Ian Baird

Personal information
- Full name: Ian James Baird
- Date of birth: 1 April 1964 (age 61)
- Place of birth: Rotherham, England
- Height: 6 ft 0 in (1.83 m)
- Position: Striker

Youth career
- 1978–1982: Southampton

Senior career*
- Years: Team / Apps / (Gls)
- 1982–1985: Southampton / 22 / (5)
- 1983–1984: → Cardiff City (loan) / 12 / (6)
- 1984: → Newcastle United (loan) / 5 / (1)
- 1985–1987: Leeds United / 85 / (33)
- 1987–1988: Portsmouth / 20 / (1)
- 1988–1990: Leeds United / 77 / (17)
- 1990–1991: Middlesbrough / 63 / (19)
- 1991–1993: Hearts / 64 / (15)
- 1993–1995: Bristol City / 57 / (11)
- 1995–1996: Plymouth Argyle^{[a]} / 27 / (5)
- 1996–1997: Brighton & Hove Albion / 44 / (14)
- 1997–1998: Instant-Dict FC / 22 / (18)
- Total:  / 498 / (145)

Managerial career
- 1998: Instant-Dict
- 1999: Hong Kong
- 2004–2007: Havant & Waterlooville
- 2007–2012: Eastleigh
- 2014–2019: Sutton United (assistant)
- 2019: Sutton United (caretaker)
- 2019–2023: Havant & Waterlooville (assistant)

= Ian Baird =

English footballer (born 1964)

Ian James Baird (born 1 April 1964) is an English former professional footballer whose most notable spells were as a Leeds United player. During his first period at the club he spent a season as captain. He won a player of the year award in his second stint in West Yorkshire, as well as a Second Division Championship medal (following his departure). He played as a striker.

==Early life==
Baird was born in Rotherham, West Riding of Yorkshire, England but grew up in Hampshire.

==Playing career==

===Southampton===
Baird started his career playing for local sides Bitterne Saints and St. Mary's College before signing with Southampton in 1982–83. He was also chosen to represent Hampshire at county level and was capped for England at schoolboy level. He turned professional in April 1982 and played a handful of matches for the first team. He spent part of the 1983–84 season on loan at Cardiff City scoring six goals in 12 appearances. Discussions were held over making the transfer permanent but Cardiff eventually pulled out of the deal over the proposed fee. At the start of the 1984–85 season, he moved on loan to Newcastle United, making five appearances, scoring one goal, and was booked in all of his appearances.

===Leeds United===
In March 1985 after only 22 appearances and five goals for Southampton he moved to Leeds United for £75,000, having turned down transfers to Manchester City and Middlesbrough earlier in the season. He made his debut for the club in a 3–1 defeat to Portsmouth on 12 March 1985, scoring his first goal in his fourth appearance, a 2–1 victory over Manchester City one month later.

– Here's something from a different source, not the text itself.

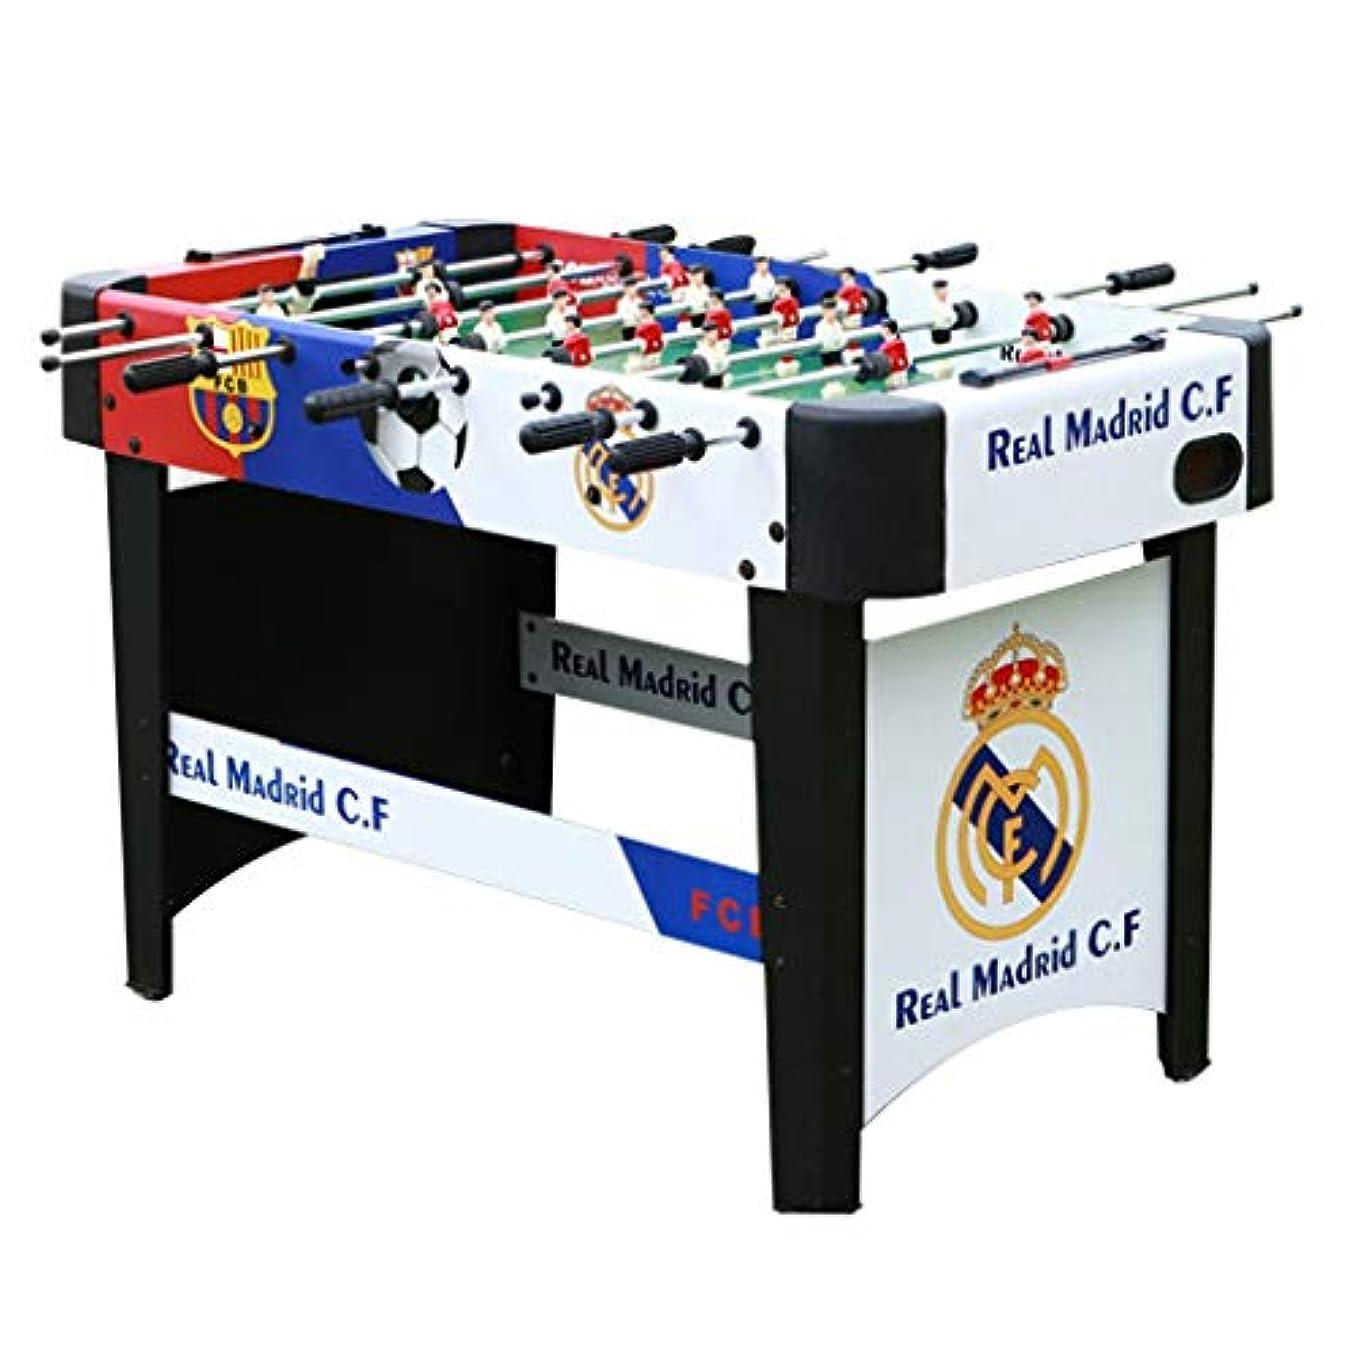 立ち向かう満了サバント屋外フィットネス大人の子供の標準8テーブルサッカー機械のおもちゃゲームテーブル屋内大型サッカーテーブルギフトショッピングモール大人のゲーム機 (Color : WHITE, Size : 120*60*80CM)

Despite not scoring many goals, Baird's first spell at Leeds was a success. His aggression, whole-hearted attitude, skill and goals made him immensely popular amongst the Leeds fans. Baird was made Leeds captain by manager Billy Bremner at the start of the 1986–87 season and his performances alerted Portsmouth to his abilities, as he helped lead Leeds to both the FA Cup semi-final (lost 2–3 (aet) to Coventry City and the final of the inaugural Second Division promotion/First Division relegation play-offs. Leeds drew the two-legged play-offs final with Charlton Athletic (1–0, 0–1) but lost a one-off deciding rubber (1–2 aet) at St Andrews and remained in the Second Division.

===Portsmouth===
At the end of the 1986–87 season, Baird's contract with Leeds had expired leaving him free to move elsewhere. After rejecting Bremner's contract offer to remain with Leeds, he received offers from Celtic, Aberdeen, Queens Park Rangers and West Ham United, he eventually signed with Portsmouth, newly promoted to the First Division. He was sold for £285,000, a record fee for Portsmouth that had been decided by tribunal. Keen to move back to the South of England, he was signed as a replacement for Micky Quinn, who was expected to leave the club soon after and his sale used to fund Baird's arrival. However, Quinn refused to move to either of the two clubs interested, Millwall and Watford, leaving the club short of funds and resulting in Portsmouth chairman John Deacon looking to sell Baird days after his arrival.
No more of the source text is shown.